The hearing officer did not err in determining that the claimant sustained a compensable injury on _____________, and that he had disability, as a result of his compensable injury, from August 16, 2002, through the date of the hearing. Those issues presented questions of fact for the hearing officer to resolve. The hearing officer is the sole judge of the weight and credibility of the evidence. Section 410.165(a). As the trier of fact, the hearing officer resolves the conflicts and inconsistencies in the evidence and decides what facts the evidence has established. Texas Employers Ins. Ass’n v. Campos, 666 S.W.2d 286 (Tex. App.-Houston [14th Dist.] 1984, no writ). The hearing officer was persuaded that the claimant, a juvenile detention officer with the employer, sustained his burden of proving that he injured his right knee while performing a “take-down” maneuver during training and that his knee injury caused disability for the period found.

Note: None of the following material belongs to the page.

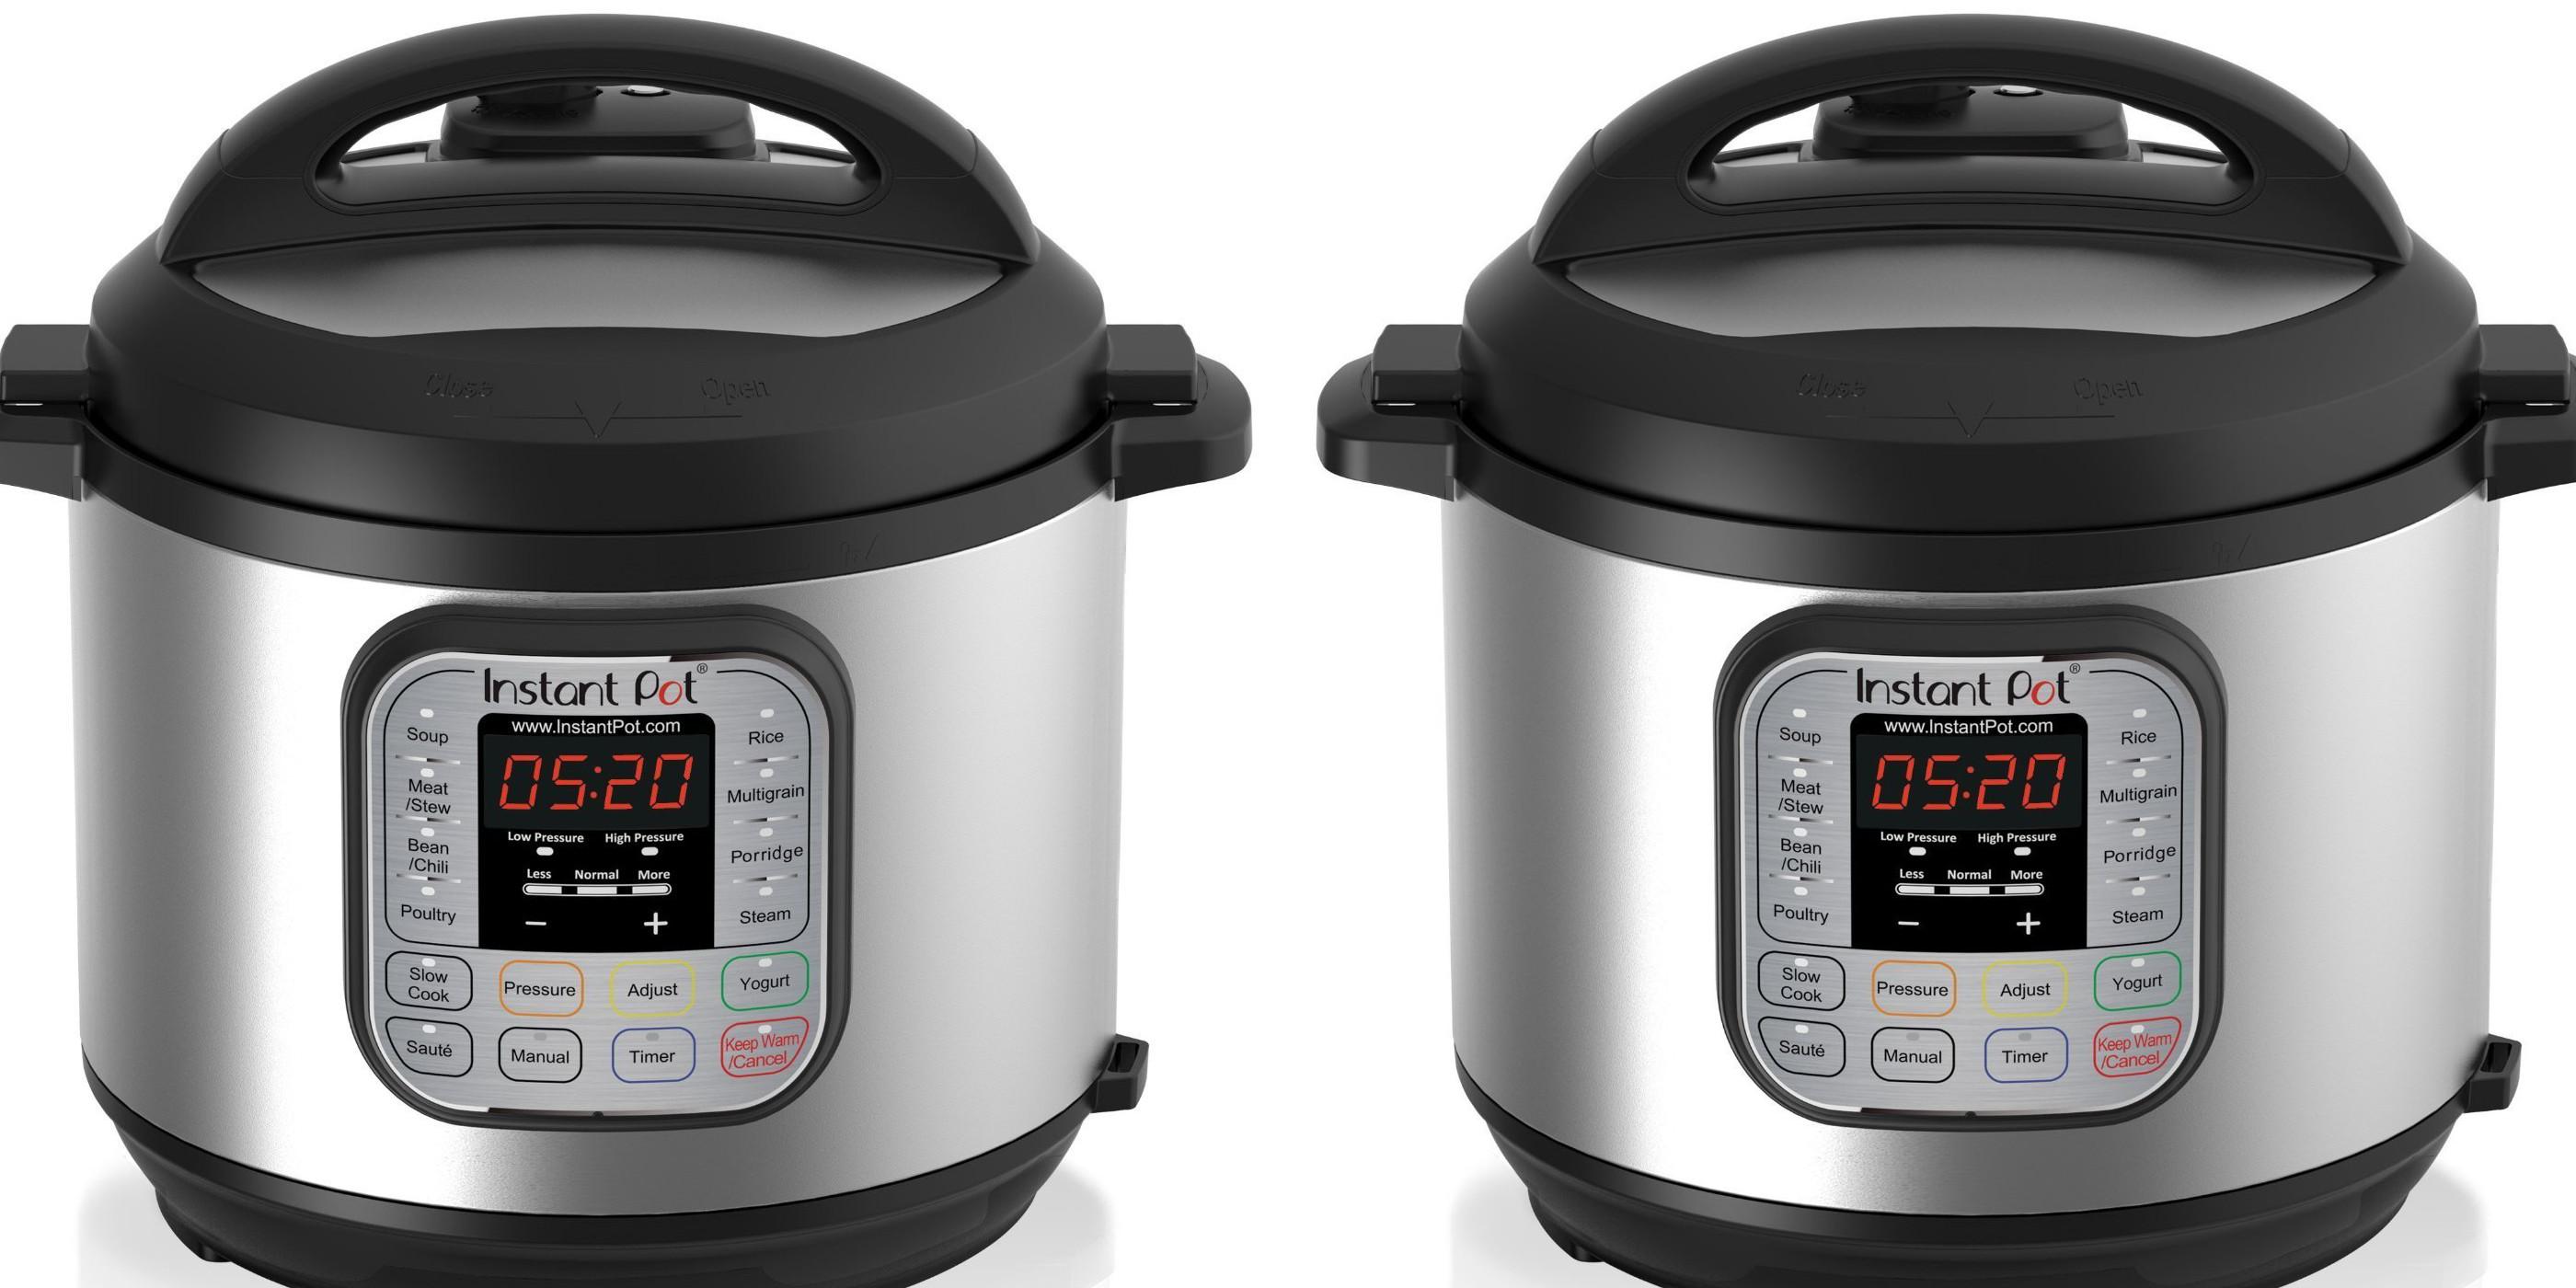 instant-pot-ip-duo60-7-in-1-multi-functional-pressure-cooker-6qt-1000w-6
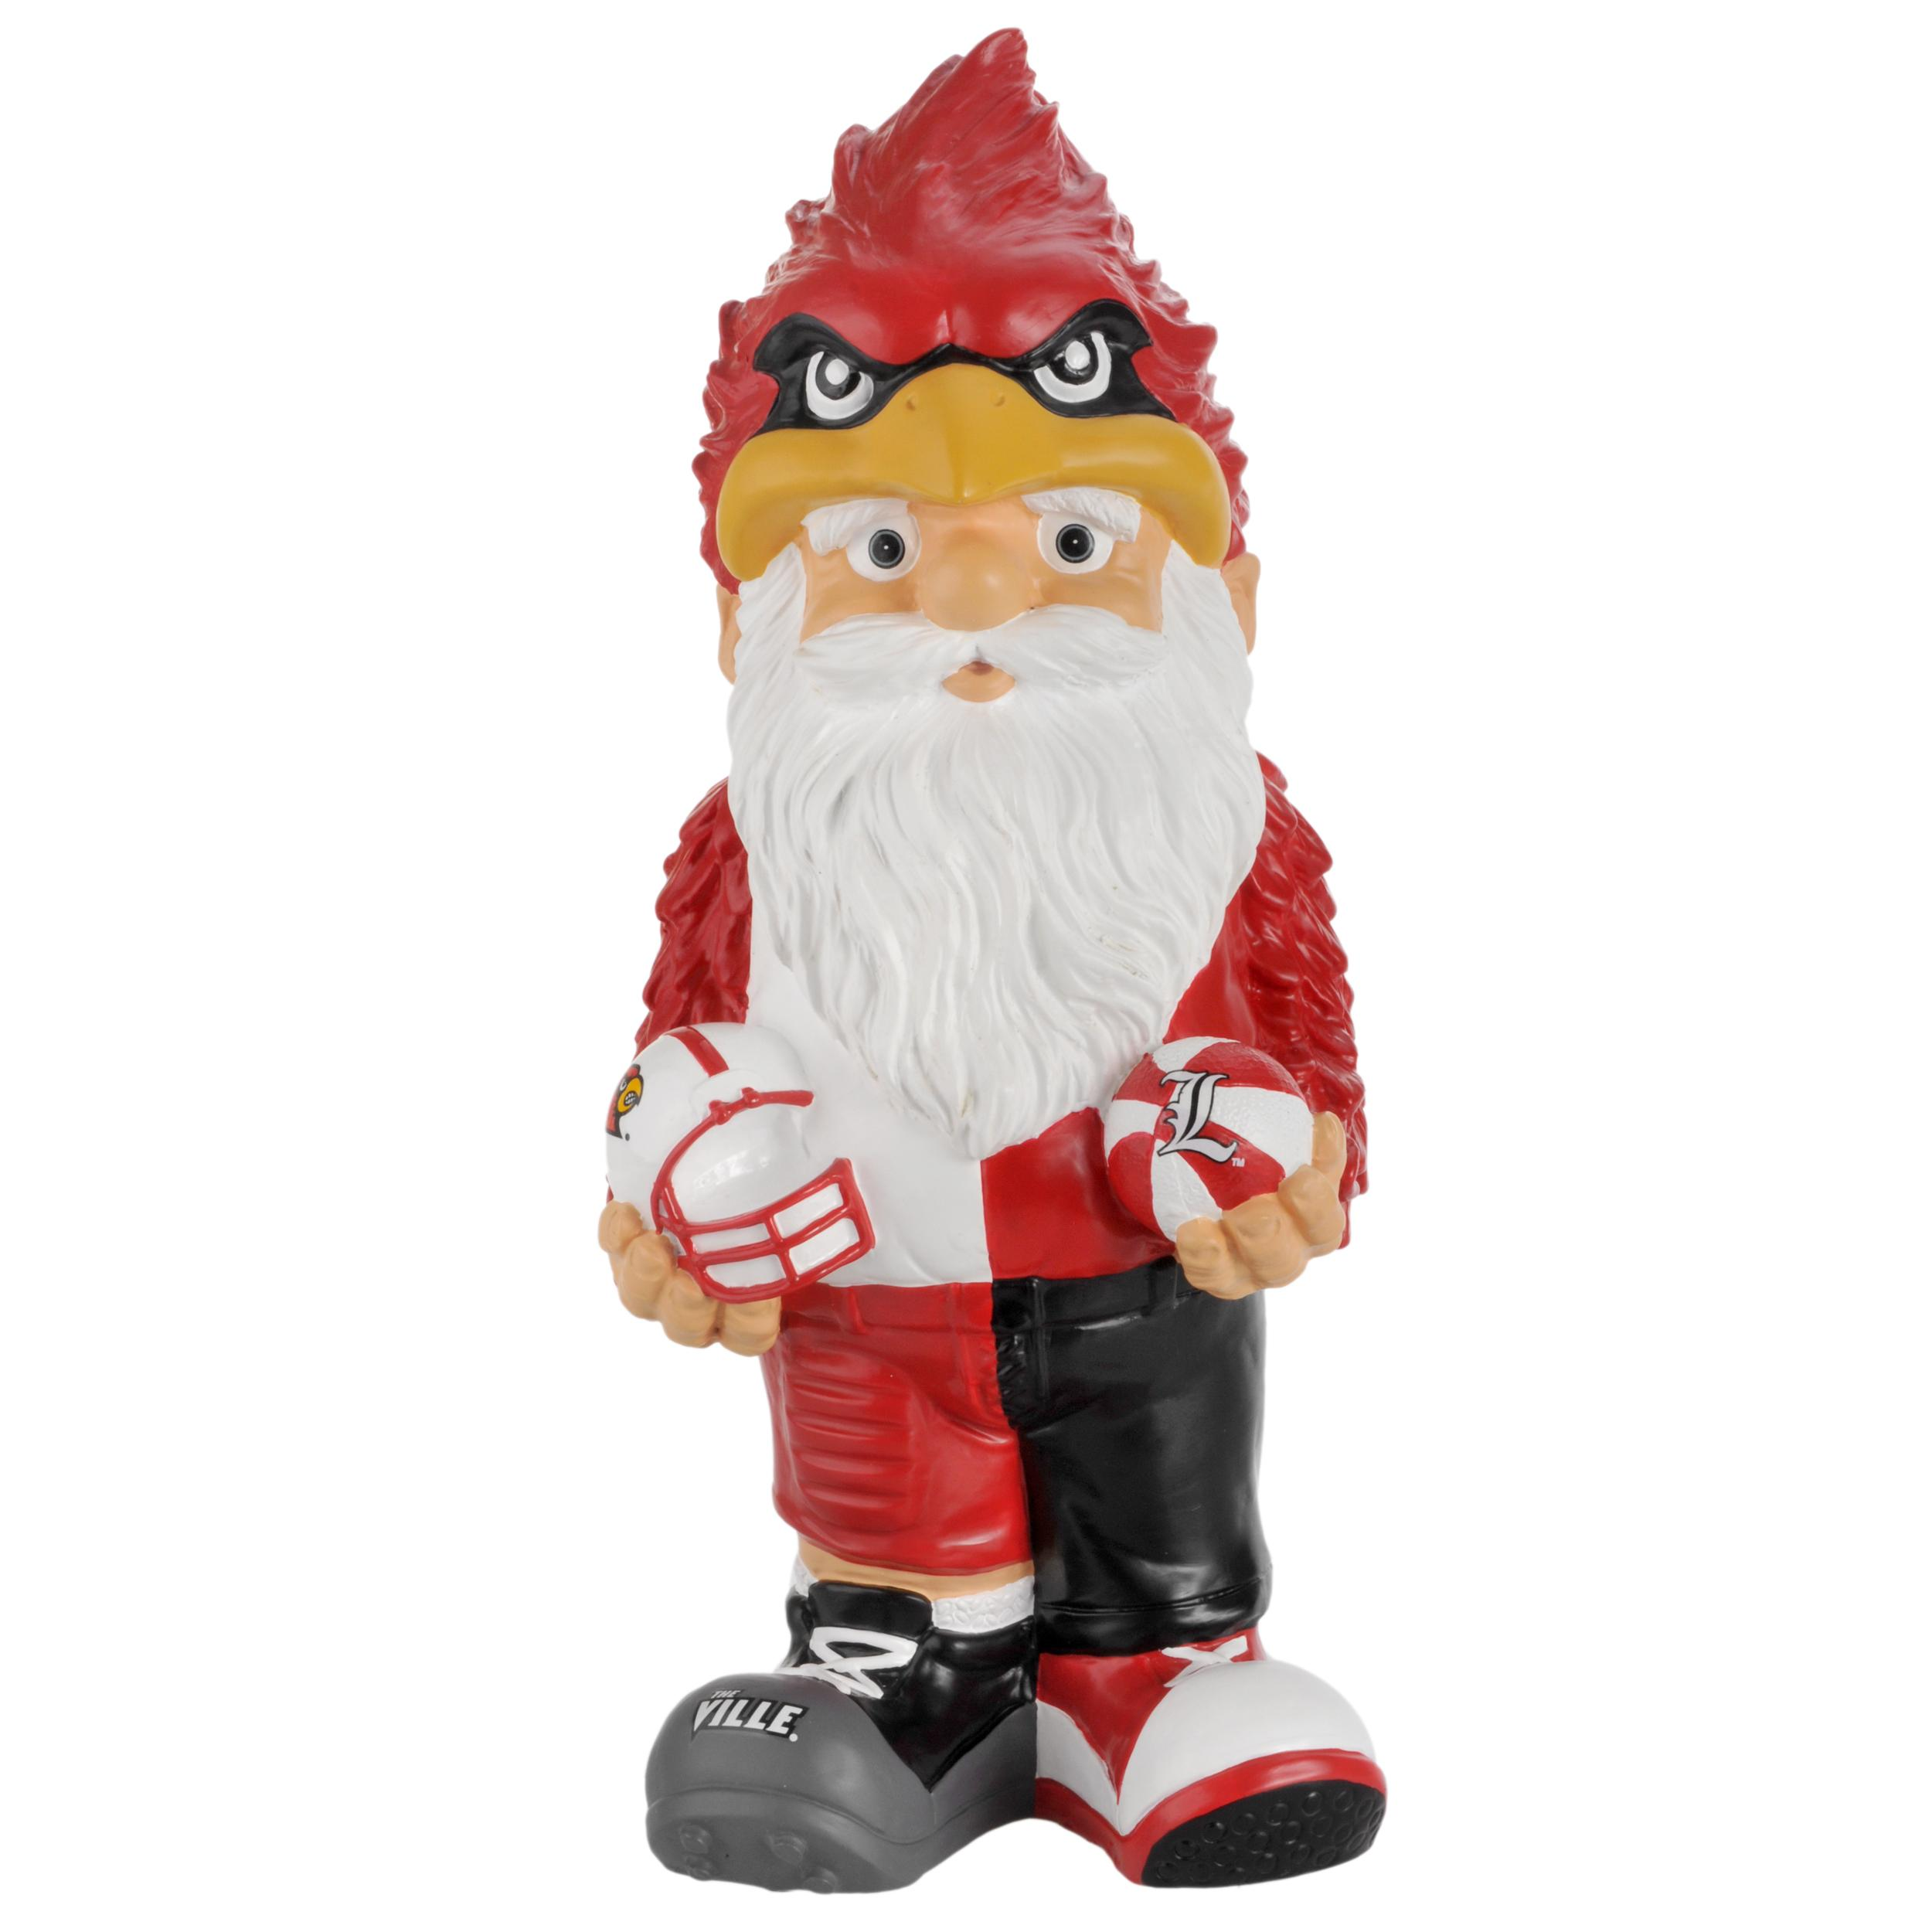 Louisville Cardinals 11-inch Thematic Garden Gnome

The hearing officer’s determinations are supported by the claimant’s testimony, the medical evidence showing that the claimant had a meniscus tear and possible anterior cruciate ligament tear in his right knee, and the off-work slips from the claimant’s treating doctor. Nothing in our review of the record reveals that the challenged determinations are so against the great weight and preponderance of the evidence as to be clearly wrong or manifestly unjust. Accordingly, no sound basis exists for us to reverse the injury and disability determinations on appeal. Cain v. Bain, 709 S.W.2d 175 (Tex. 1986).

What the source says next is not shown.